Work instruction -> Find the line with "Pinckney Michigan Souvenir" in the data below. Repeat it and every line after it up to the end, exactly, but drop the pictures.

--- Recorded information ---

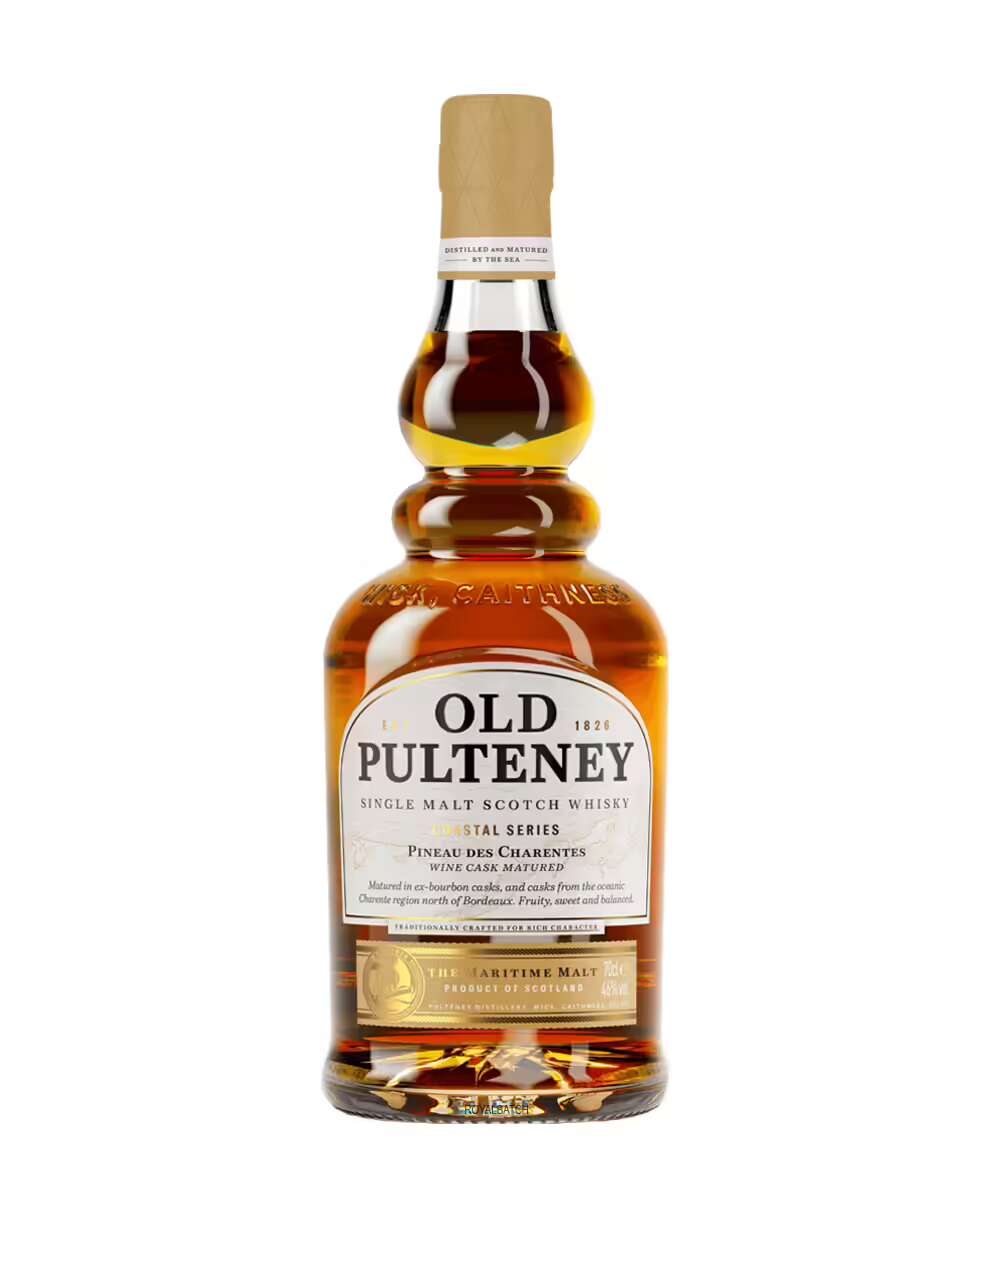 Old Pulteney Pineau Des Charentes Coastal Series Scotch Whisky
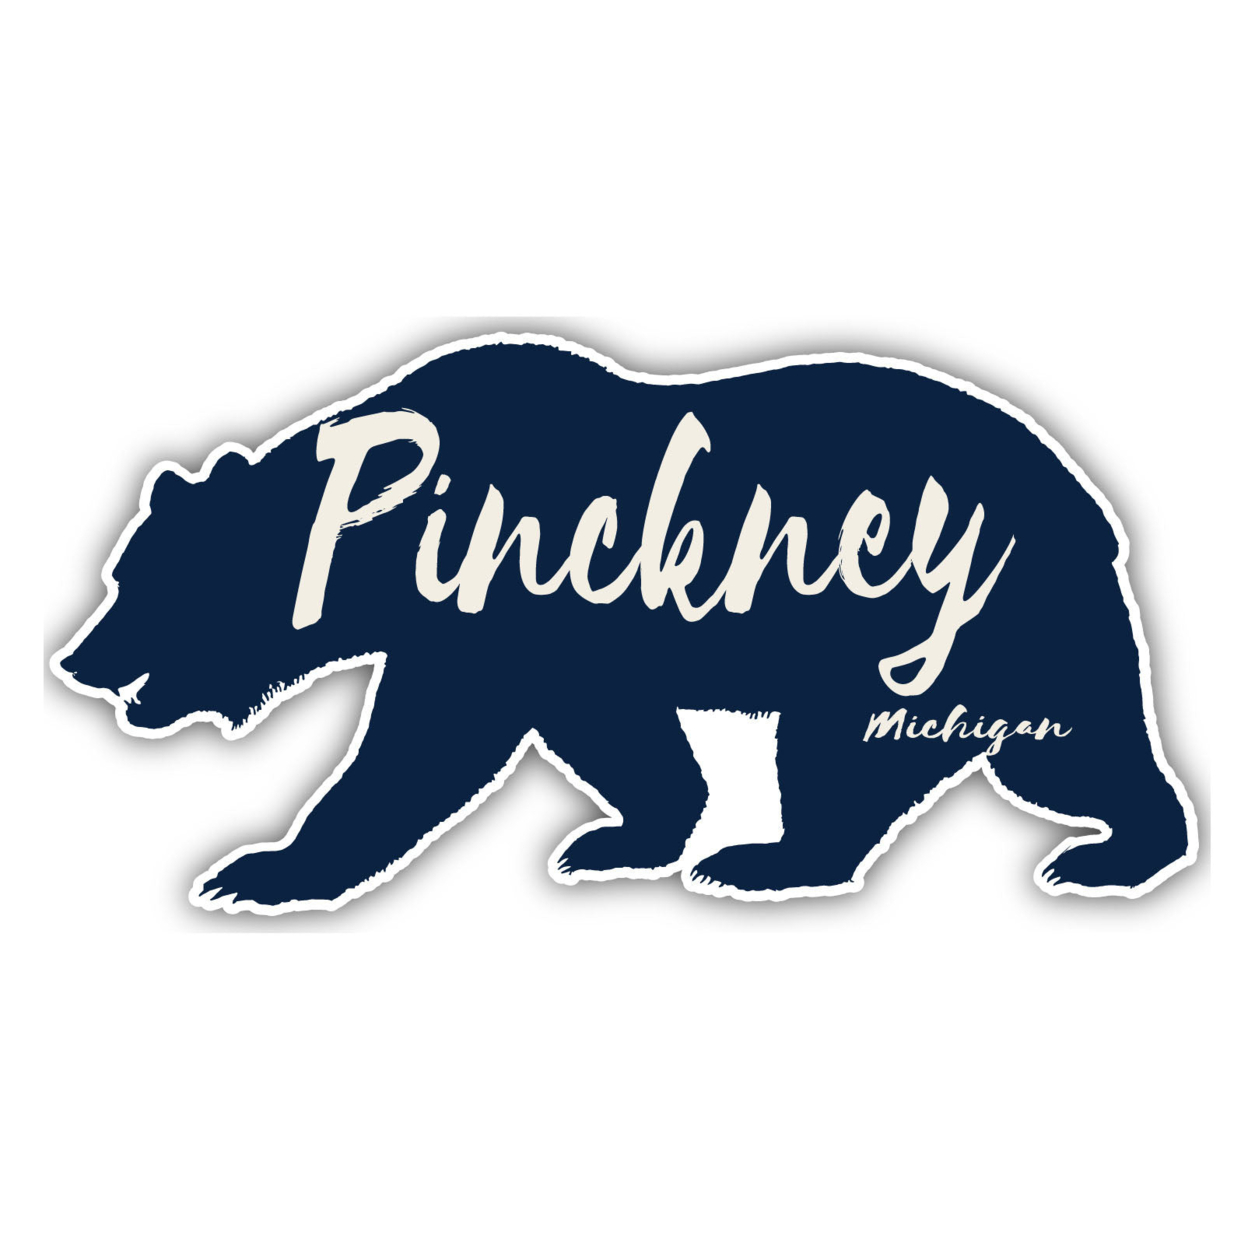 Pinckney Michigan Souvenir Decorative Stickers (Choose Theme And Size) - Single Unit, 2-Inch, Tent
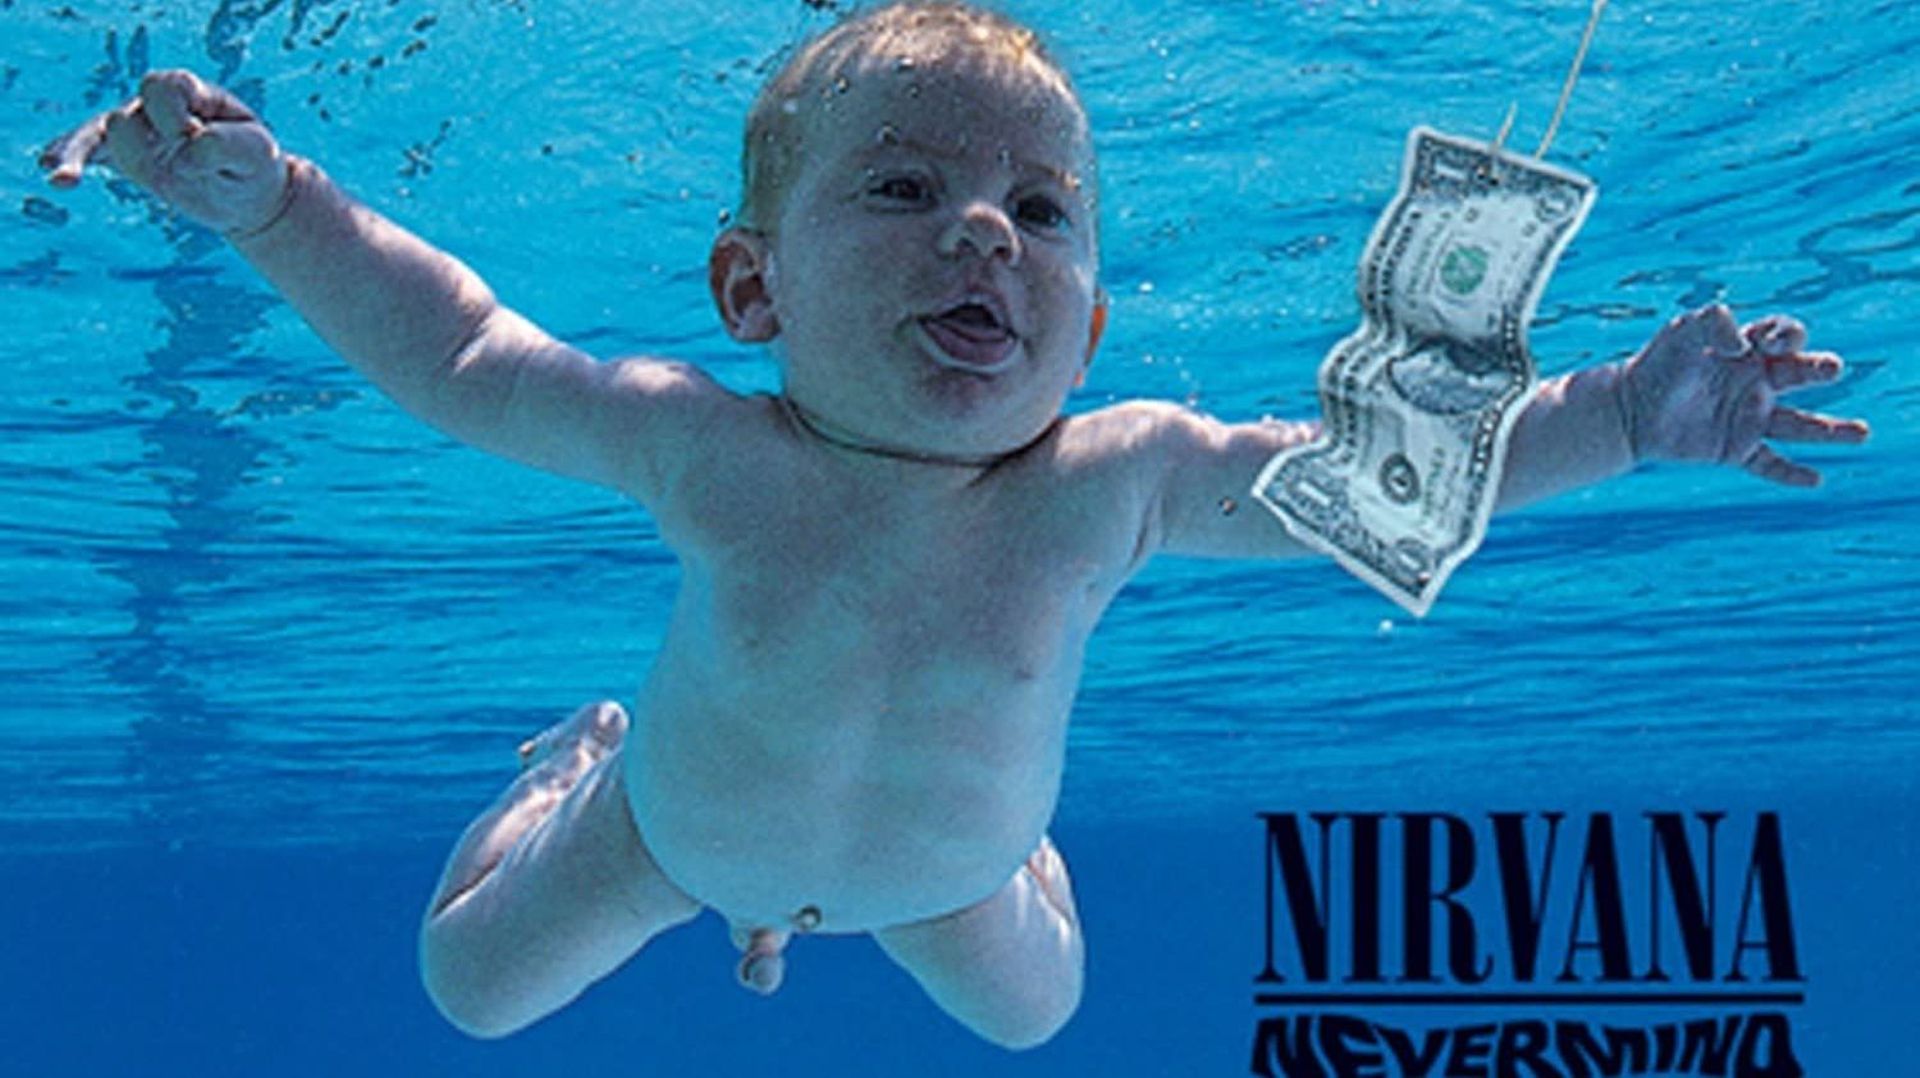 L'album "Nevermind" de Nirvana sorti en 1991
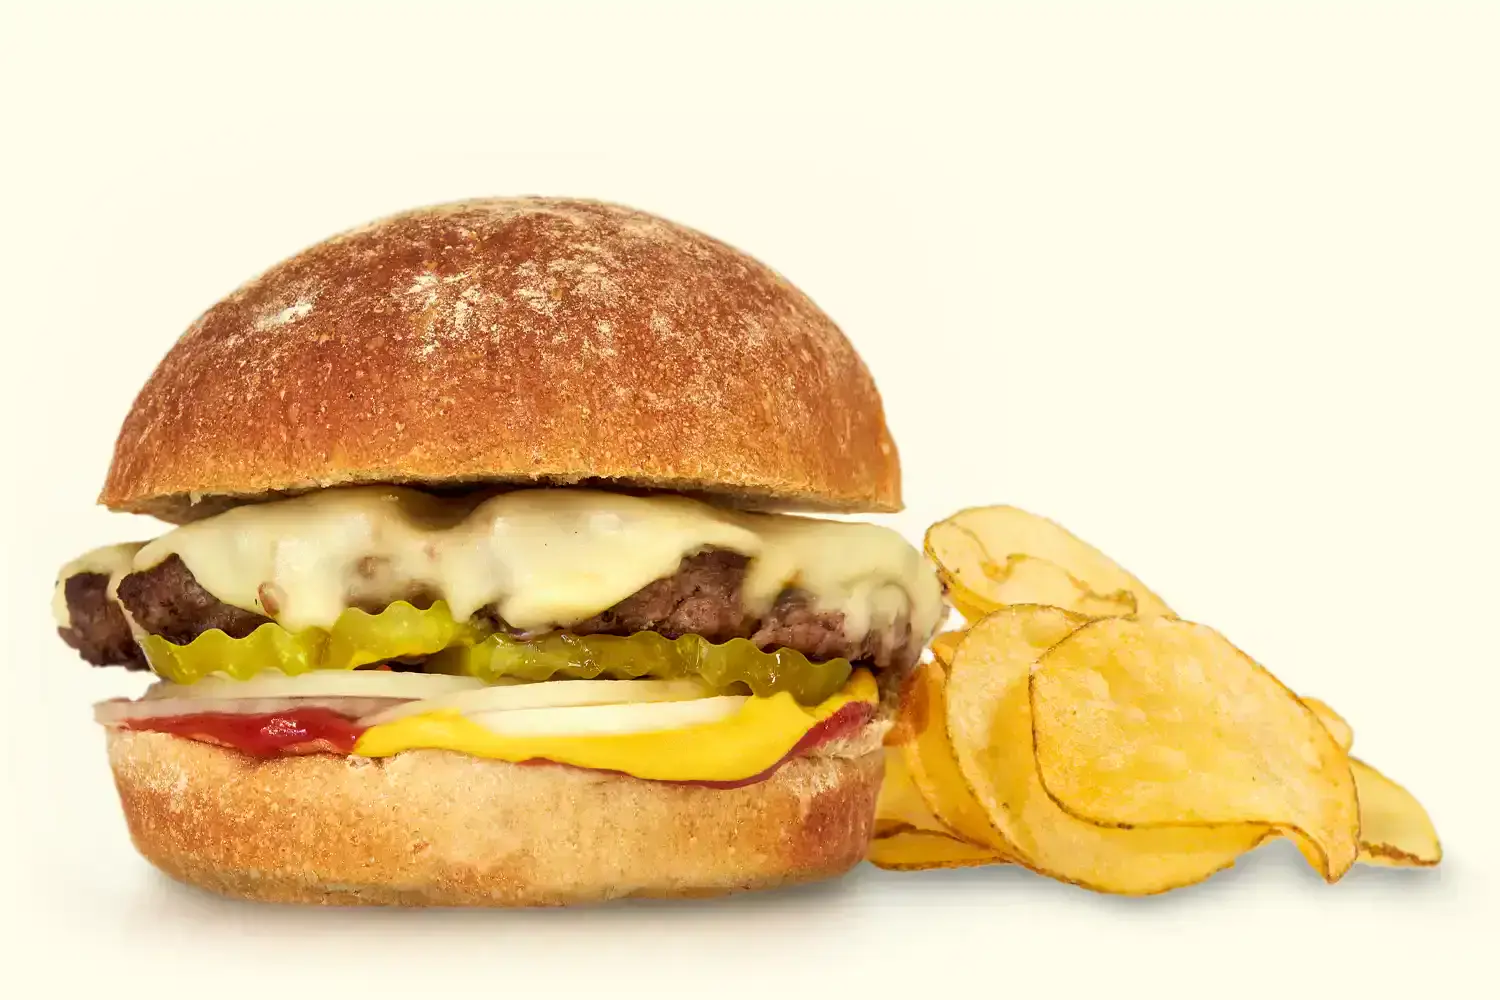 The Classic Burger

---

Solution to this task ->
 Pinckney Michigan Souvenir Decorative Stickers (Choose Theme And Size) - Single Unit, 2-Inch, Tent
 L'album "Nevermind" de Nirvana sorti en 1991
 The Classic Burger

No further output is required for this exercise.